— Ооо, даже так? — друг вскинул брови и просверлил ее насмешливым взглядом. — Сгинь, зубатка, вот проверю твоего провожатого и уйду, — упрямо припечатал он. — Если он достоин сопровождать царевну, куда бы они ни сбегала, уйду один, а если нет — ты вернешься со мной домой.
Алана недовольно вздохнула и отвесила дураку хорошую оплеуху. Канда был очень силен, вне сомнений, но она даже не представляла, на что может быть способен Тики (которого Юу, как видно, и вознамерился проверять), потому что о его способностях узнала буквально только сегодня.
— Допустим, — буркнула она, — я разрешу тебе…
— Да на кой-мне твое разрешение, — неприязненно скривился тритон, — слезь, сказал, а то сам скину.
— Скинешь ты меня, ну конечно… — закатила глаза девушка — и обернулась к напряженно наблюдающему за ними Тики, такому же сияющему и слепящему, как прежде, но словно бы… какому-то агрессивному.
Он злился?..
— Он требует, чтобы ты с ним сразился, — вздохнула она, переходя на имперский.

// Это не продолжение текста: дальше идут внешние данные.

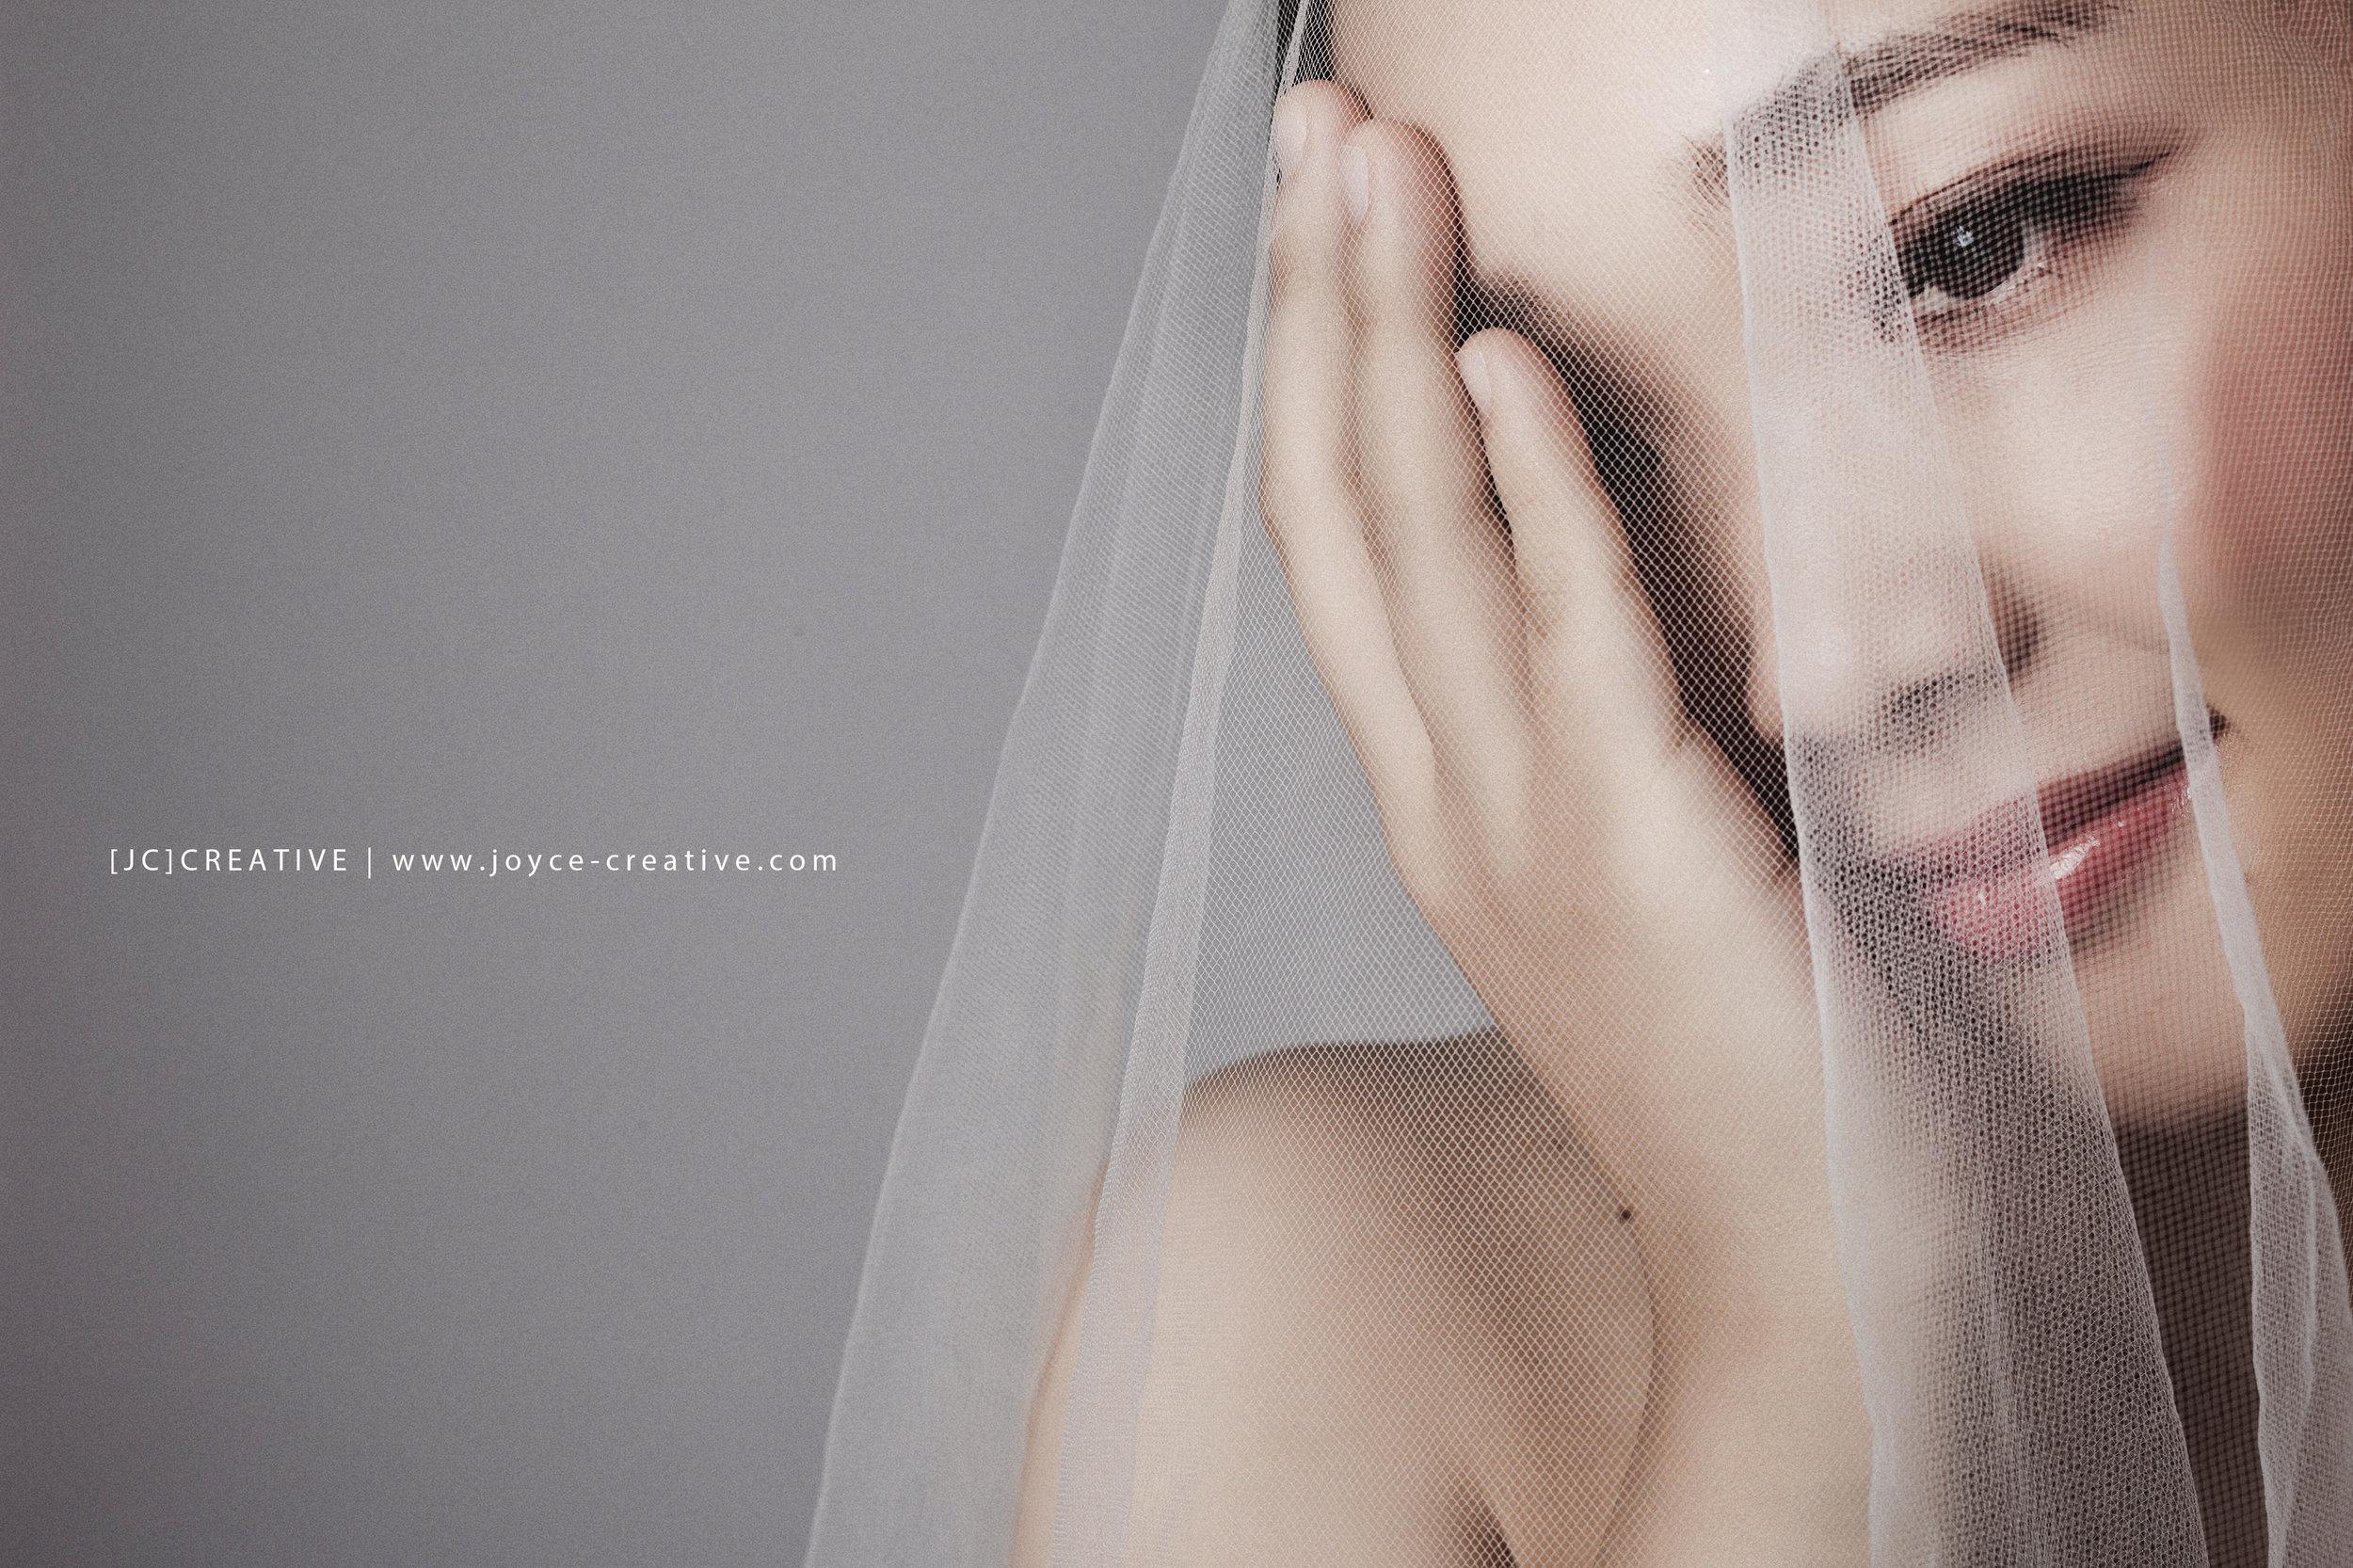 [JC]CREATIVE 女性攝影師  自主婚紗 自助婚紗 台灣WEDDING PRE-WEDDING MOTIVES 自然風格 STUDIOSHOOT SIMPILE LOVE 禮服工未作室喵咪睫毛     圖像00001.JPG
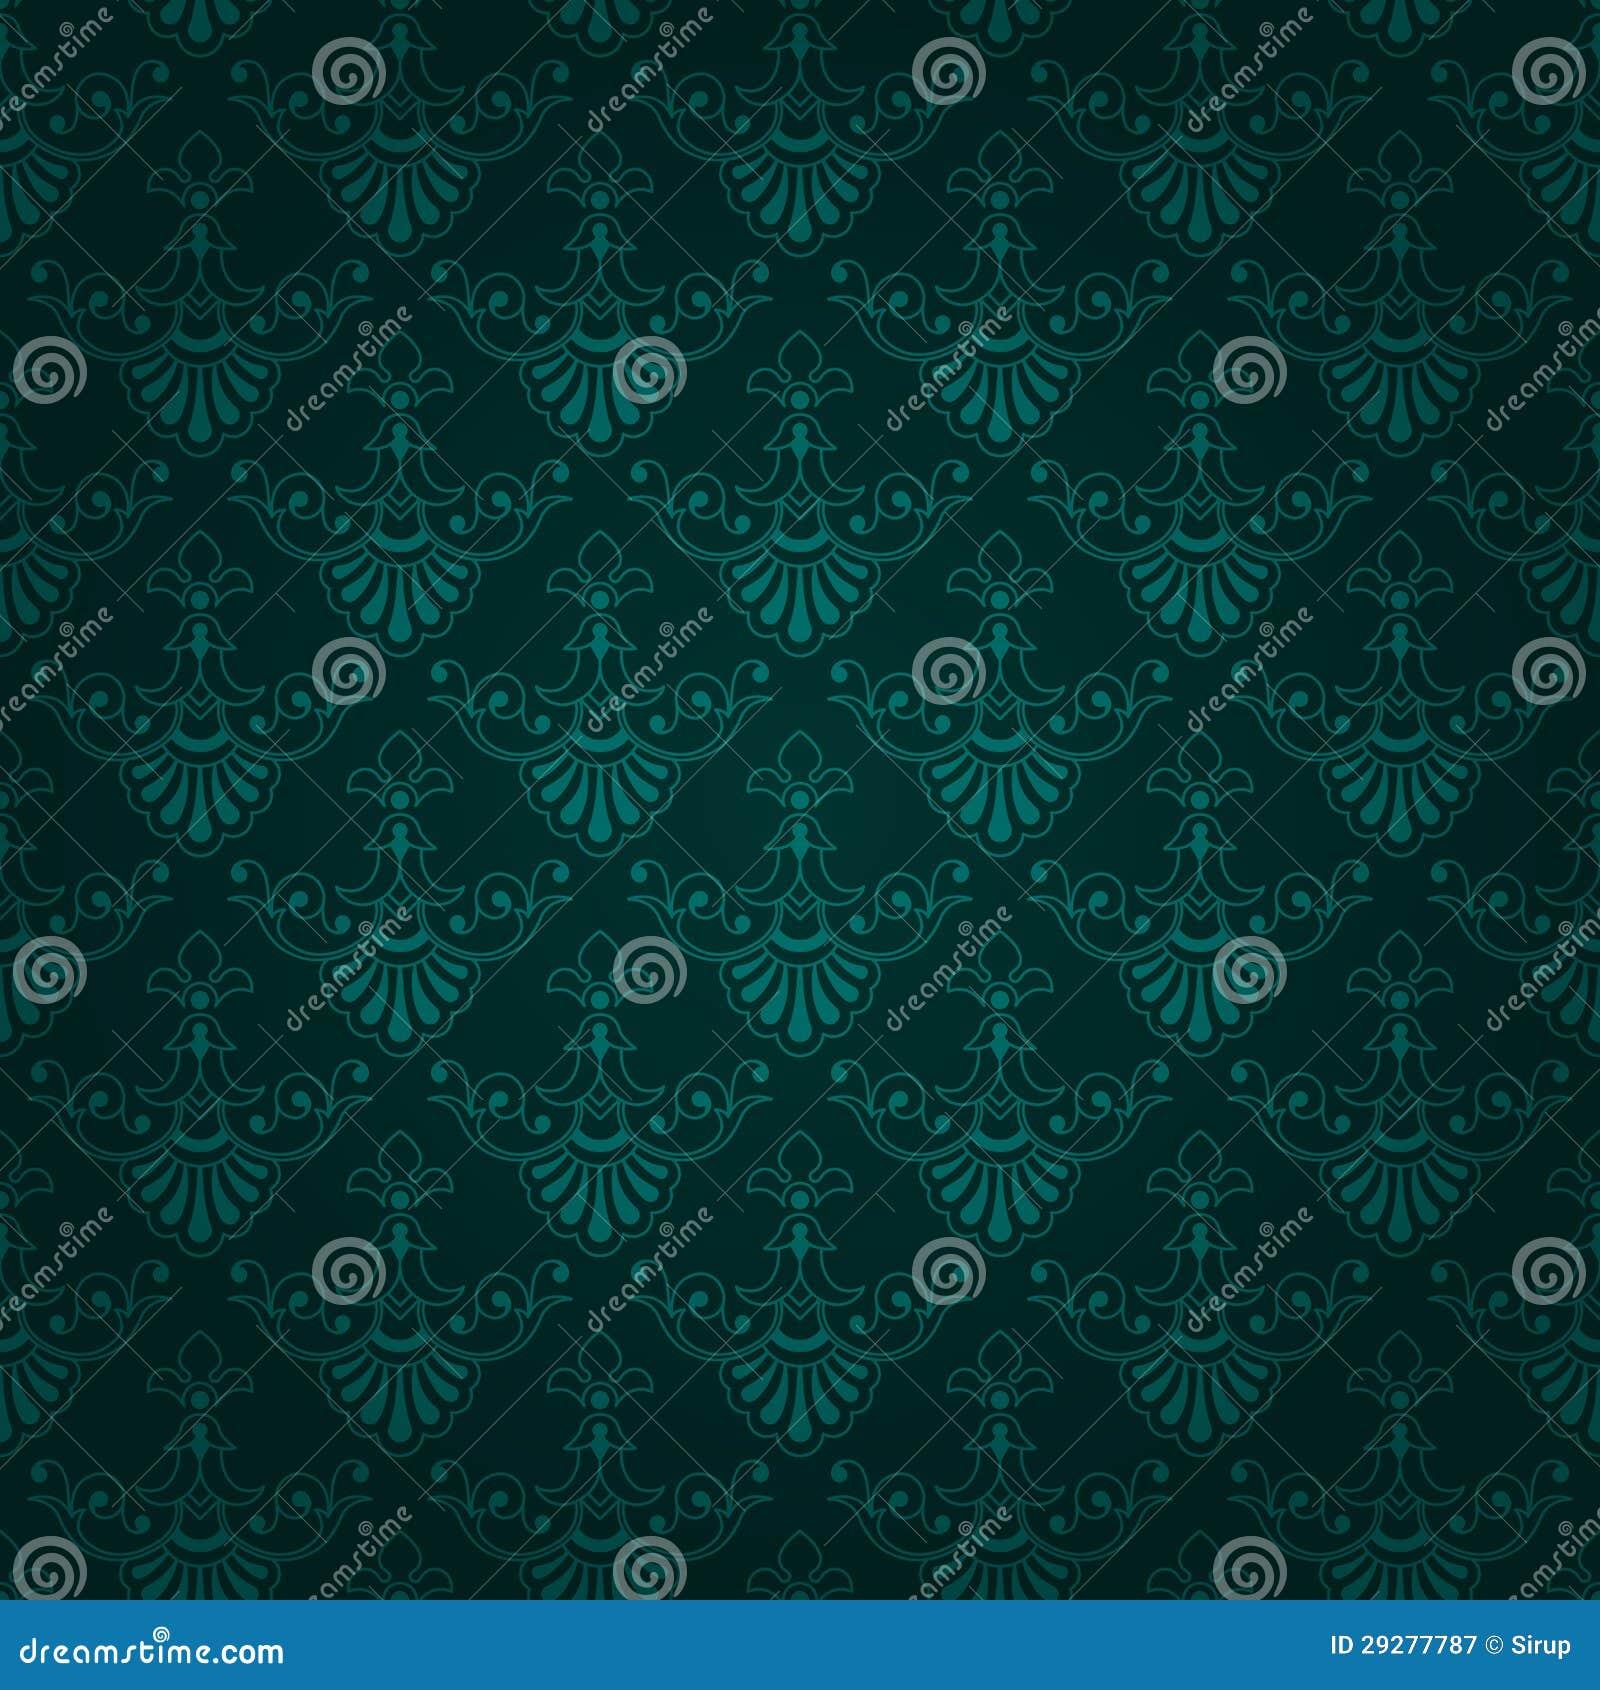 Seamless dark green vintage wallpaper design stock vector - Green design ...

Мужчина удивлённо вскинул брови, как вдруг Алану повалили на бок, и Канда неприязненно скривился.
— Я знаю имперский, пигалица, — грациозно встал он, оправляя слегка съехавшую с бёдер на живот броню, и с грозным холодом в тёмно-синих как океанская пучина глазах взглянул на Тики. — Так значит, это ты белодухий, человек.
Алана протестующе воскликнула, подрезая его ноги хвостом, заставляя покачнуться, но не упасть, и тритон с глухой злостью поднял её за подмышки, будто маленького ребёнка, бесстрастно прошествовал до борта и также равнодушно усадил на лавку рядом с опешившим Маной.
— Сиди и не мешайся, зубатка, — бросил он на русалочьем и тут же обернулся к заинтересованно приподнявшему бровь Тики. — Сразись со мной, — повторил Канда уже на имперском, и Алана скрестила руки на груди, не спеша разъединять хвост, потому что оголившиеся ноги уже будет нечем прикрыть.
— А кто это? — шепнул Уолкер, пододвинувшись к ней.
— Друг, — лаконично ответила девушка и заметила, как в глазах Изу, спрятавшийся за одного из матросов (смотрящих на неё уже с каким-то уважением и азартом), поселился страх. Но мальчик, стоило Алане задержать на нём взгляд, сразу же дёрнулся в сторону, к другому мужчине, и спрятался уже за ним.
Девушка недоуменно сощурилась и снова попыталась поймать взгляд мальчика (неужели он ее испугался, о нетнетнетнет), но тот действительно наблюдал за происходящим с каким-то безотчетным ужасом и беспокойством, поминутно жмурясь.
Душа у него в груди трепыхалась, несчастная, и полыхала — как будто хотел выскочить… на помощь Тики.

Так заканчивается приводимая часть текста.